A 4-year-old male is brought to the Pediatric emergency department (ED) at 1 am for a complaint of severe ear pain. He was in such discomfort that his mother was concerned he had poked himself in the ear before bedtime while “aggressively” cleaning his ears with a Q-tip. However, she denies seeing any blood and he has been otherwise well without fever or congestion. A physical exam revealed an uncomfortable child holding his hand over his right ear.
The Wispr exam is shown below.
What is your diagnosis, and how could the pain be managed quickly?
The child has bullous myringitis. Topical analgesics will help reduce the pain.
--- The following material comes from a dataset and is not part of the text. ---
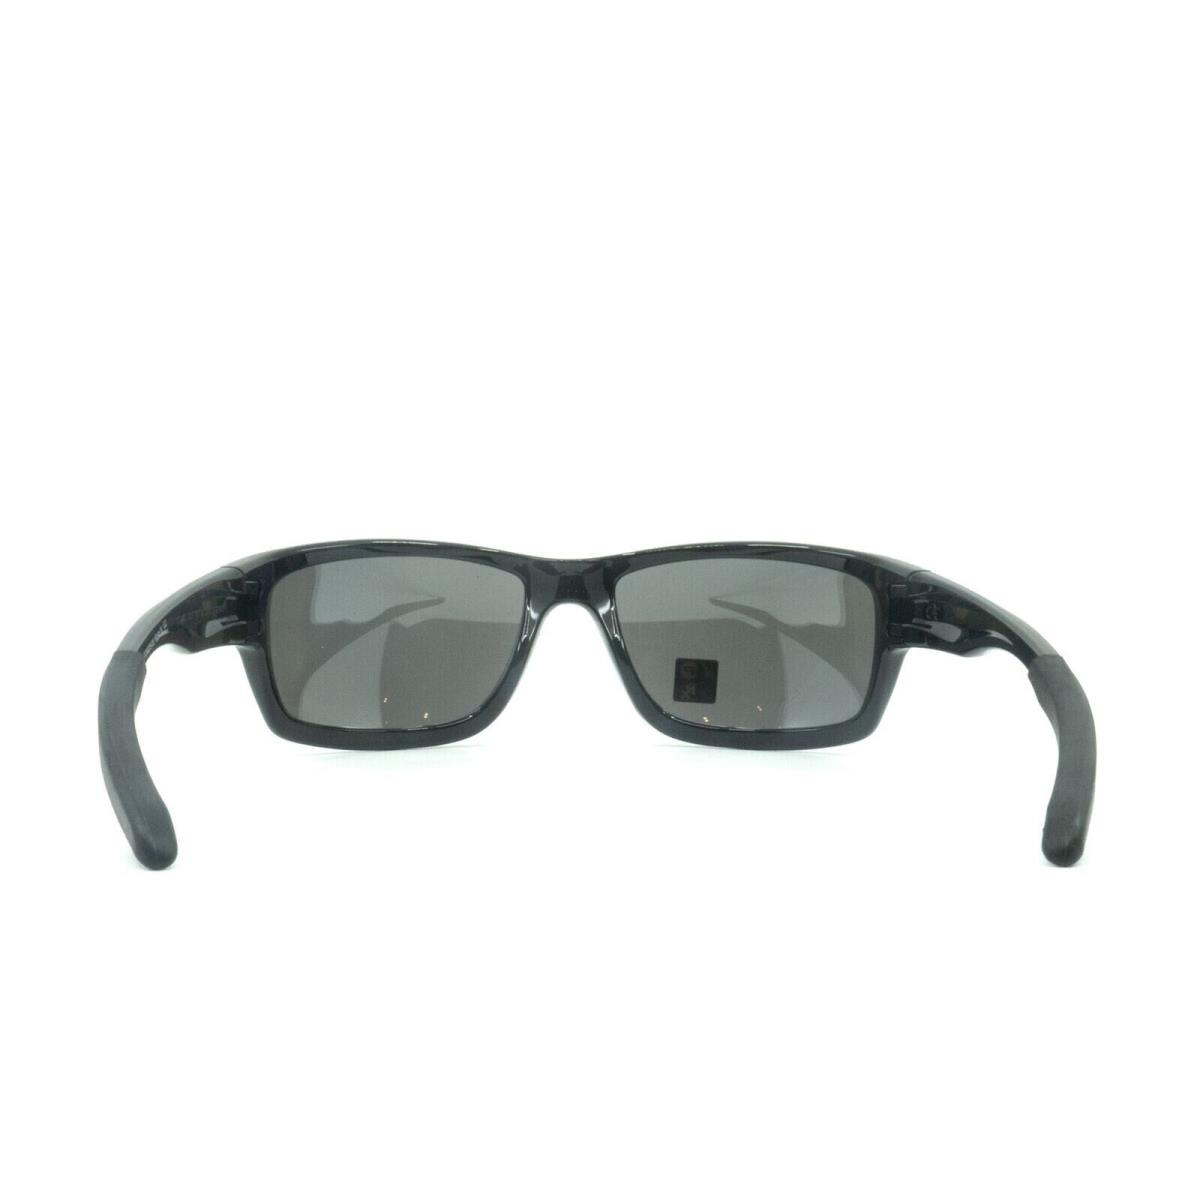 Oakley sunglasses Canteen - Black Frame, Black Lens 3

It is understandable why this child is so miserable as he has severe bullous myringitis. This is often considered to be on the spectrum of acute otitis media. The two large blisters and tympanic membrane bulging make identification of any middle ear landmarks impossible. The severity of this case is unusual, but the initial management is not. Alcaine (proparacaine) drops were instilled into the ear and a dose of oxycodone was provided in the ED. Within 20 minutes the child reported significant relief and was discharged home on scheduled ibuprofen and a course of antibiotics (see this case for a discussion of usual pathogens). Due to the severe degree of his case, it was also recommended he follow up closely for resolution of the inflammation and audiology if any hearing concerns.
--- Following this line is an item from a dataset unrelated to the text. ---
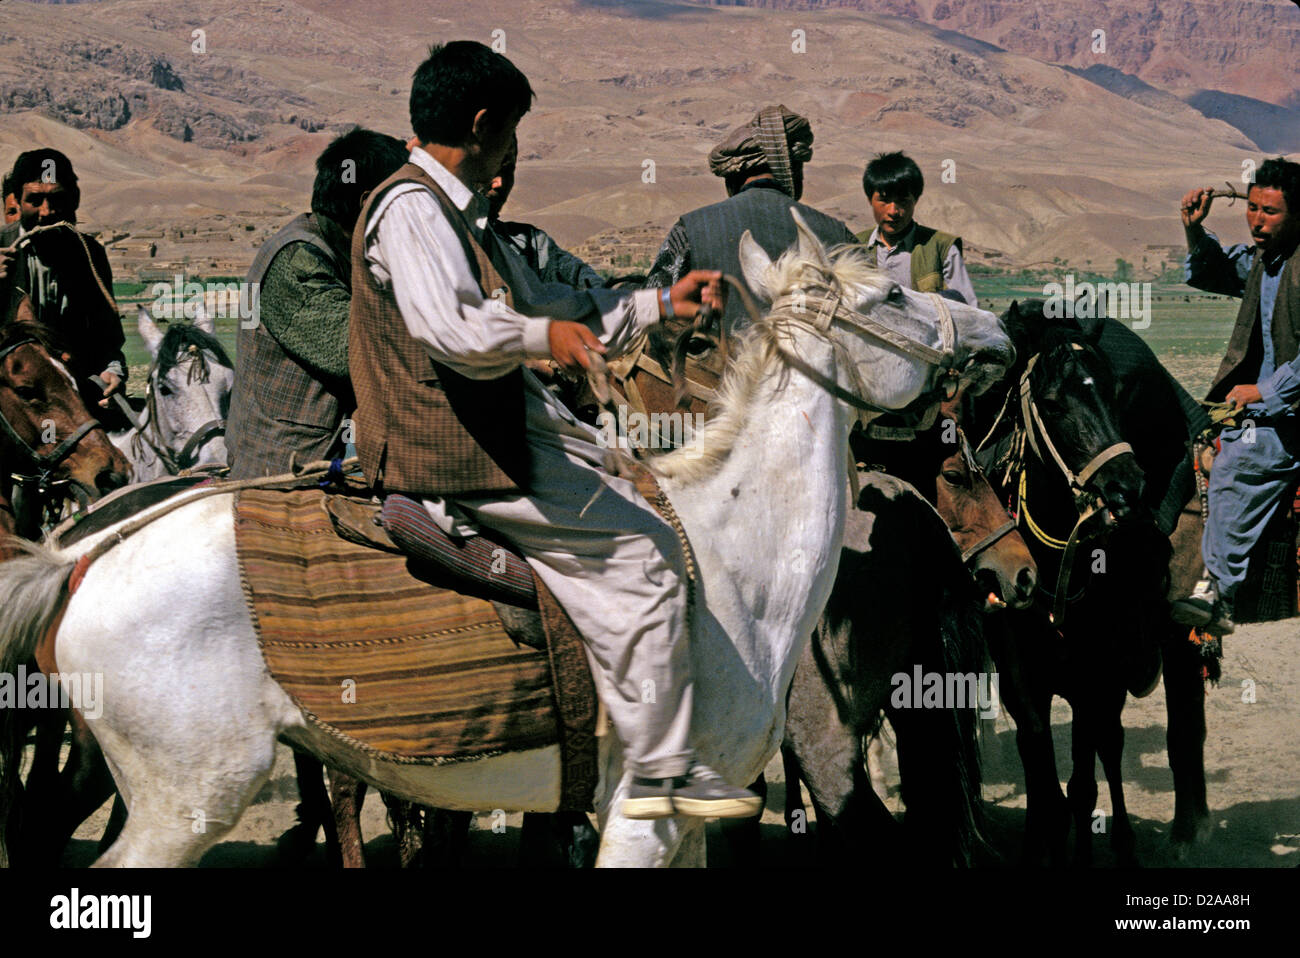 Afghanistan, Bamyan, Buzkachi Stock Photo

Several studies have previously demonstrated the beneficial effect of topical anesthetic in treating the pain associated with otitis media, most recently a 2008 study in the Journal of Family Practice investigated the use of 2% lidocaine (which is readily available in EDs as the IV formulation) as a topical anesthetic instilled into the ear canals of children presenting with AOM. J Fam Pract. 2008 Jun; 57(6): 370–373.